Neben weiteren Umständen berücksichtigten die Richter, dass nicht anzunehmen sei, dass der Angeklagte auch die Verletzung seiner Person sowie die Beschädigung des von ihm geführten, ihm aber nicht gehörenden Fahrzeuges billigend in Kauf genommen habe: Er habe zur Arbeit fahren wollen.
Das Lenken nach rechts in Richtung des VW Phaeton sei letztlich eine weitere Schikane gegenüber dem Fahrer des VW Phaeton gewesen. Zudem sei der Winkel der Fahrzeuge zueinander sehr spitz gewesen, was auch gegen ein vorsätzliches „Von der Straße rammen“ spreche. Strafbarkeiten wegen Gefährdung des Straßenverkehrs (§ 315c StGB) und wegen gefährlichen Eingriffs in den Straßenverkehr (§ 315b StGB) würden laut Gericht ausscheiden.
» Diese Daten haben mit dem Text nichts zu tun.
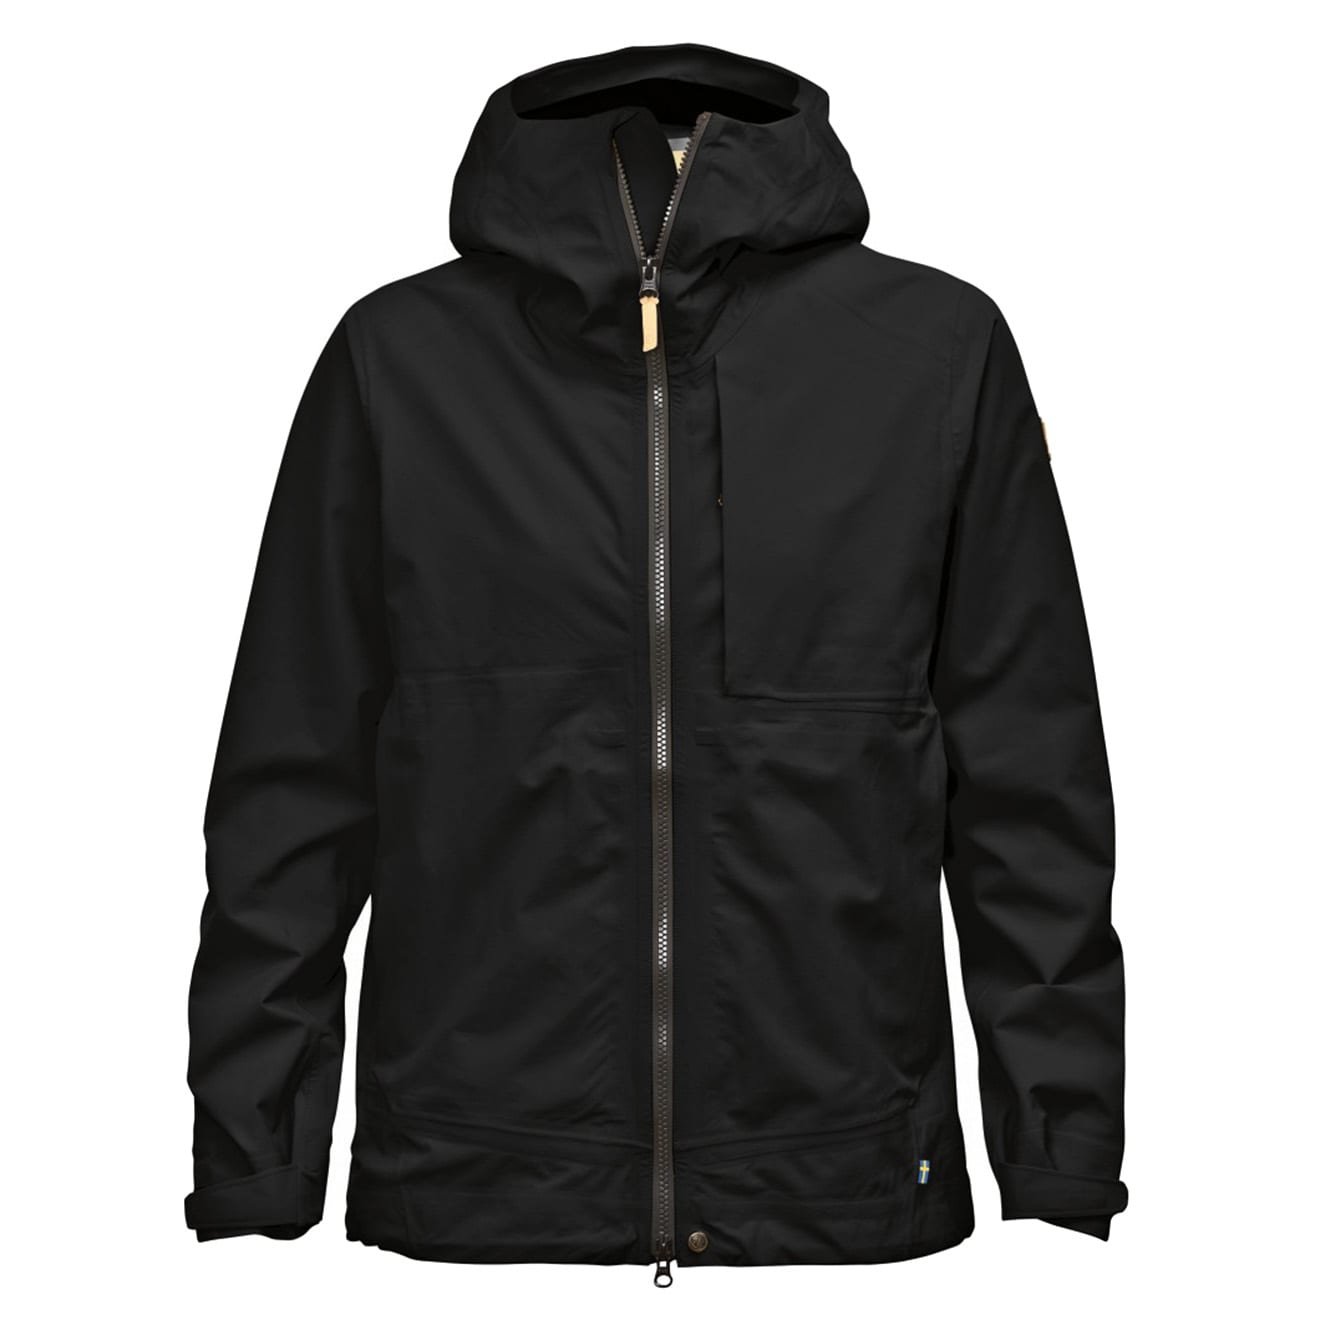 Fjallraven Womens Abisko Eco-Shell Jacket Black

Es bleibe insoweit eine Strafbarkeit wegen fahrlässiger Tötung (§ 222 StGB).
Eine Verurteilung wegen fahrlässiger Körperverletzung (§ 229 StGB) käme nicht in Betracht, da dafür der Strafantrag fehle und kein besonderes besonderen öffentliches Interesse (§ 230 StGB) gegeben sei.
Der Angeklagte habe keine rechtzeitigen Maßnahmen zur Feststellung seiner Beteiligung an dem Unfallgeschehen ergriffen, deswegen erfolgte eine Verurteilung auch wegen unerlaubten Entfernens vom Unfallort.
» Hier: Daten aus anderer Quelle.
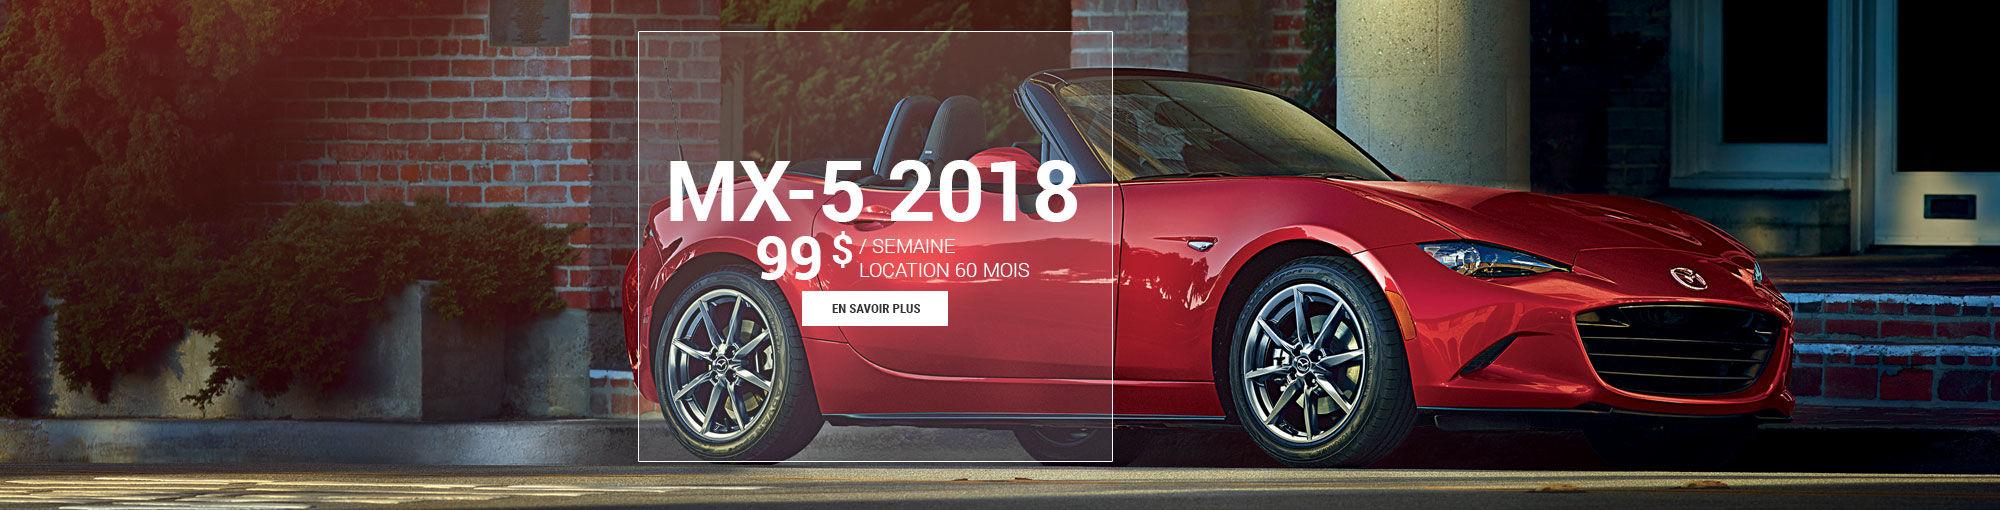 Mazda mx-5 2018 - mai

Tat- und schuldangemessene Freiheitstrafe
Tat- und schuldangemessen sei unter Berücksichtigung aller für und gegen den Angeklagten sprechenden Umstände für die fahrlässige Tötung eine Freiheitsstrafe von 3 Jahren und 6 Monaten und für das unerlaubte Entfernen vom Unfallort eine Freiheitsstrafe von 6 Monaten. Die Gesamtfreiheitsstrafe betrage nach nochmaliger Würdigung aller Umstände 3 Jahre und 10 Monate.
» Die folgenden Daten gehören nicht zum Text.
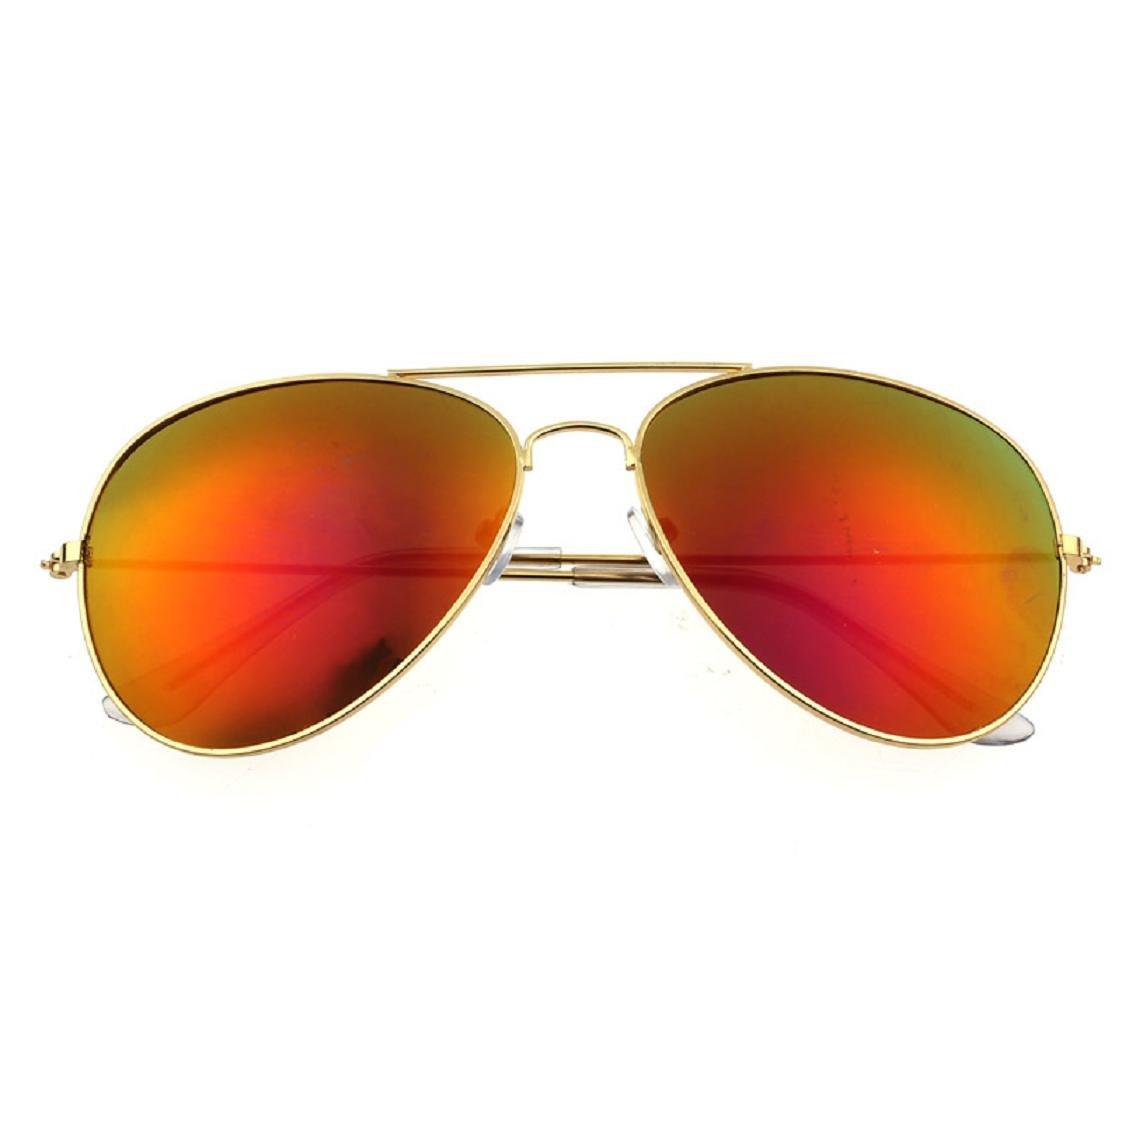 Mchoice Women Men Classic Unisex Retro Sunglasses Metal Frame Green

Das Gericht berücksichtige beim Strafmaß, dass der Angeklagte nicht vorbestraft war. Erschwerend kam jedoch hinzu, dass der Angeklagte aus „nichtigem Anlass einen massiven Verkehrsverstoß“ begangen habe. Das Gericht sah als erwiesen an, dass bei Geschwindigkeiten zwischen 110 km/h und 130 km/h das ruckartige Lenken in Richtung eines anderen Verkehrsteilnehmers ein besonders hohes Gefährdungspotential habe.
Das Urteil des Schwurgerichts ist nicht rechtskräftig. Es kann binnen einer Woche mit der Revision zum Bundesgerichtshof (BGH) angegriffen werden.